Slovakian Prime Minister Robert Fico Eu refugees
Slovakian Prime Minister Robert Fico opposes an EU refugee relocation scheme Reuters

Following on the heels of Hungarian Prime Minster Viktor Orban, another European leader has emerged as a stanuch opponent of the EU policy on immigration. Slovakia's prime minister, Robert Fico, has been the most vocal critic of a redistribution system with mandatory quotas passed earlier this week.

The scheme to relocate 120,000 refugees has been approved with the backing of an overwhelming majority of EU governments, but Slovakia, Hungary, Romania, and the Czech Republic voted against.

Under the plan Slovakia is required to take in only 802 people, equal to 0.014% of its population, but Fico has vowed to challenge to decision before EU courts.

"We won't implement this decision because we think it can't work," he said, describing the quota system as "irrational". "[Slovakia] is not ready to respect it. We always rejected it as nonsense," he added.

Refusing to accept refugees will cost Slovakia a financial penalty of 0.002% of its GDP – about €2m (£1.4m, $2.2m)

Fico, 51, is campaigning to be re-elected, as Slovaks will head to the polls in March. He won the previous vote by a landslide, but has since witnessed a drop in approval and a failed bid to become president.

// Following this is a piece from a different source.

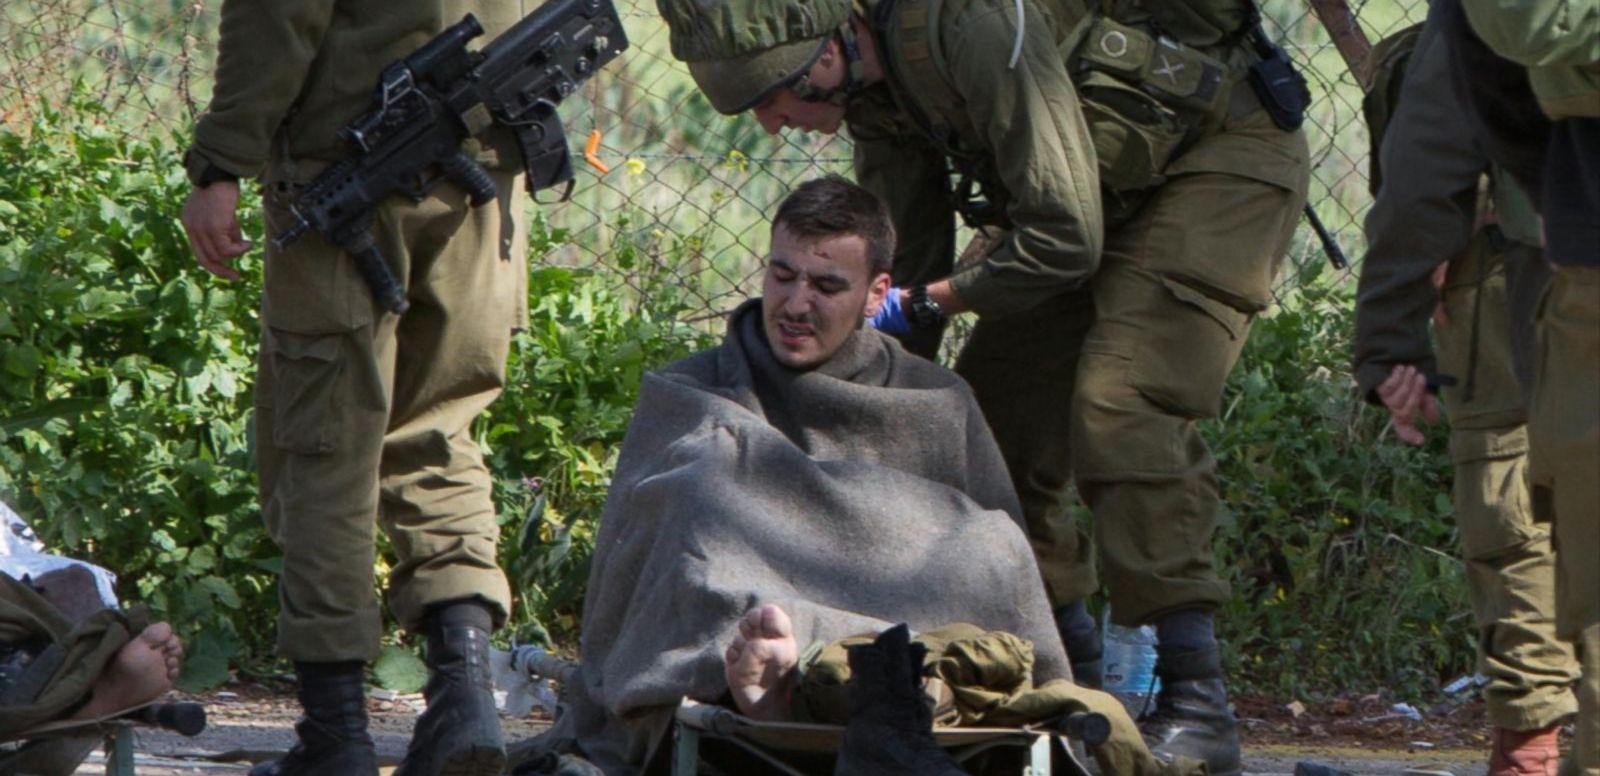 VIDEO: Deadly Strike On Israeli Army

In 2012, he seized his current office as his Smer party won more than 44% of the vote at the general election, becoming the first since Slovakian independence in 1993 to gain an absolute majority in parliament.

The married father of one had been prime minister before, leading the country for four years from 2006 to 2010 in an uncomfortable coalition with far-right Slovak Nationalists (SNS) and the populist HZDS led by former PM Vladimir Meciar, who was once described by The Economist as a "nasty, authoritarian populist".

Fico, a lawyer trained during the communist regime and a former Communist Party member, has in fact a solid left-wing background. Born to a working class family in the small western town of Topolcany he joined the Party of the Democratic Left (SDL) after the fall of the Berlin Wall and later founded Smer, which is also-centre left.

His first coalition government successfully brought Slovakia into the Eurozone but also won international criticism for its hostility towards the Hungarian minority and for curbing media freedom.

In 2010 Smer won the popular vote but failed to form a coalitio, leading to a centre-right government alliance led by Iveta Radicova, which lasted just two years.

After being re-elected in 2012 amid a large corruption scandal that engulfed Slovak politics, in 2014 Fico ran for president but lost to independent candidate Andrej Kiska, a former businessman who won almost 60% of the vote running on an anti-Fico platform that played on fears that the prime minister was building up too much power.

In May, Smer was polling at 33%, down 11 points on its 2012 victory, according to a Focus agency poll, Reuters reported.

Fico has a mixed relationship with the EU. A defender and supporter of the Eurozone, before the migrant crisis he has criticised the union's stance towards Russia over Ukraine.